Дома Вера лениво лгала, удивляясь интуитивной своей нечистой ловкости. И уже засыпая, ждала нового дня и телефонного звонка, придумывала, как пошлет Лешакова подальше. Но звонка не было. И на следующий день. И еще три дня. А потом кто-нибудь из коллег с ехидной усмешечкой подзывал ее к телефону. И Вероника смывалась со службы пораньше, даже если начальник не отпускал.

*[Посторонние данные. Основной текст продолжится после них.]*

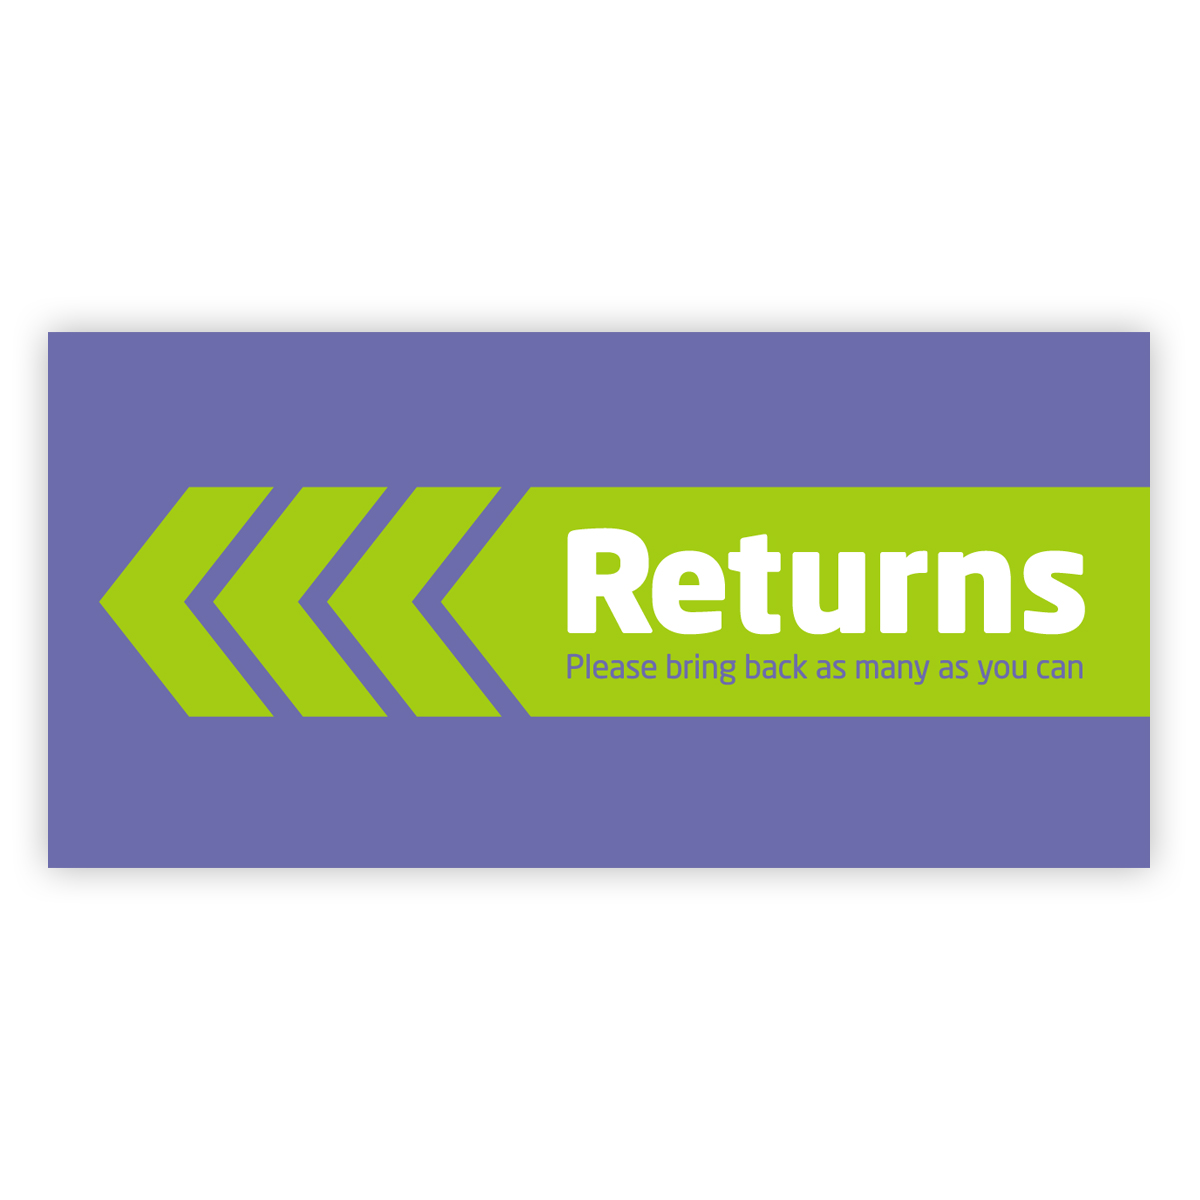 Leaflet - Returns: please bring back as many as you can 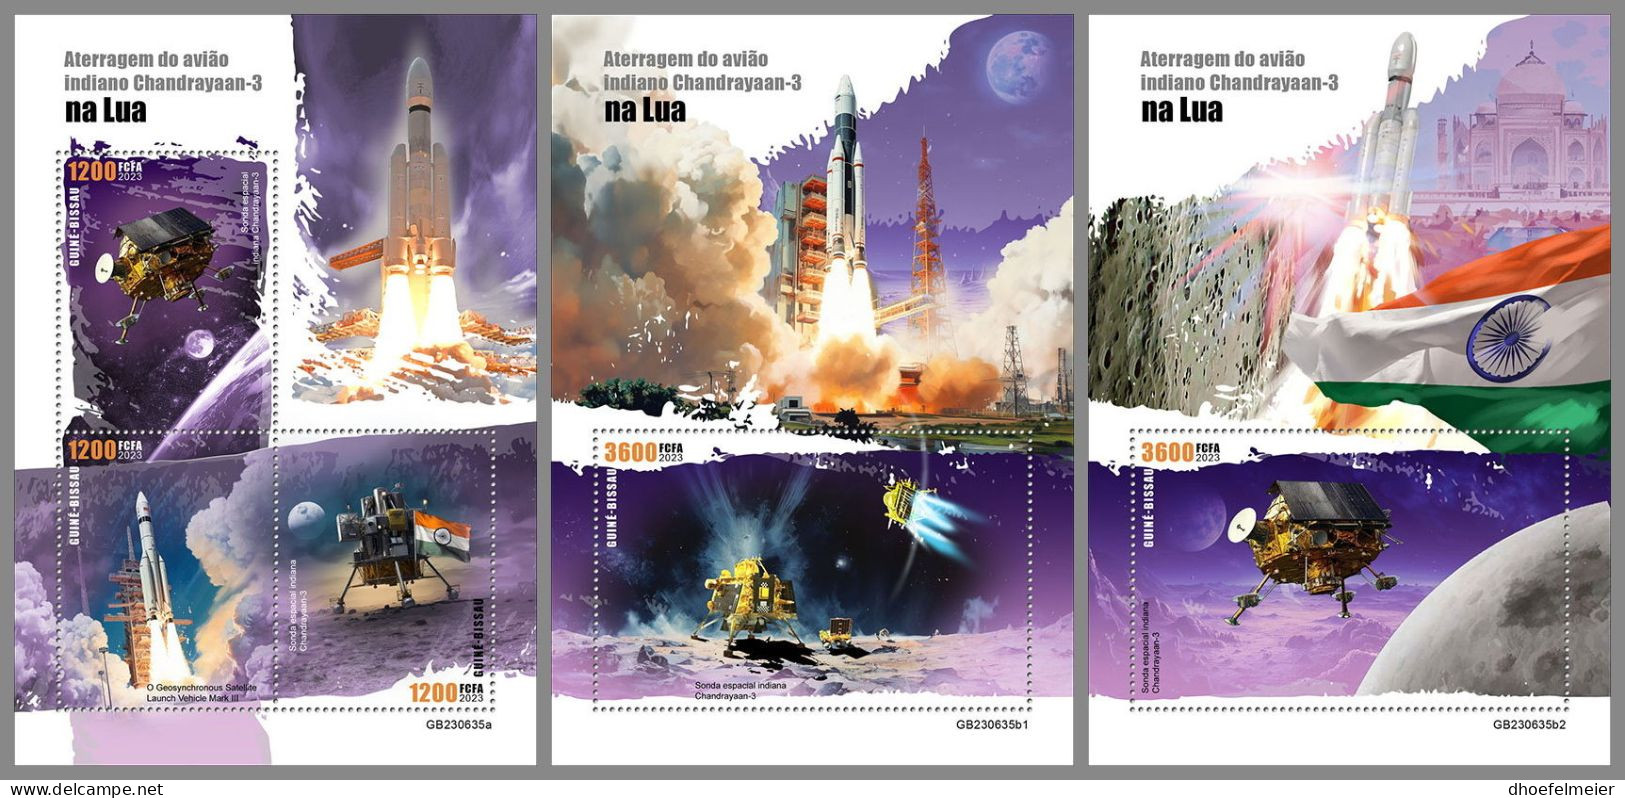 GUINEA-BISSAU 2023 MNH Indian Chandrayaan-3 Space Raumfahrt M/S+2S/S – IMPERFORATED – DHQ2420 - Afrika

Сдвиг произошел в инженере — это замечали многие. Почти все. То есть замечали самого инженера, а прежде не обращали внимания. Внешне в том только и проявился сдвиг — Лешаков сделался заметным. Привлекал внимание. Более того, он нравился. Что-то в нем покоряло. А прежде не покоряло. Значит, сдвинулось. Но о том мало кто догадывался, мало кого вообще занимало, что же происходит, сдвинулось или не сдвинулось. И потеряли инженера… Но пока многие были довольны, что в мерзлом тумане служебной жизни рядом светилось теплое пятно.
* * *
Прежде всего, инженер Лешаков не сделался легким человеком. Он не стал веселее. Не начал чаще шутить. И на победителя не походил. До того ли ему было. Но теперь Лешаков если шутил, то к месту, и шутил смешно. Ему нравилось работать, хотя и противно было ходить для этого в учреждение. Он много работал. Инженер работал много больше, чем раньше. Работа ладилась, как ладилось все, к чему он сумел подступить.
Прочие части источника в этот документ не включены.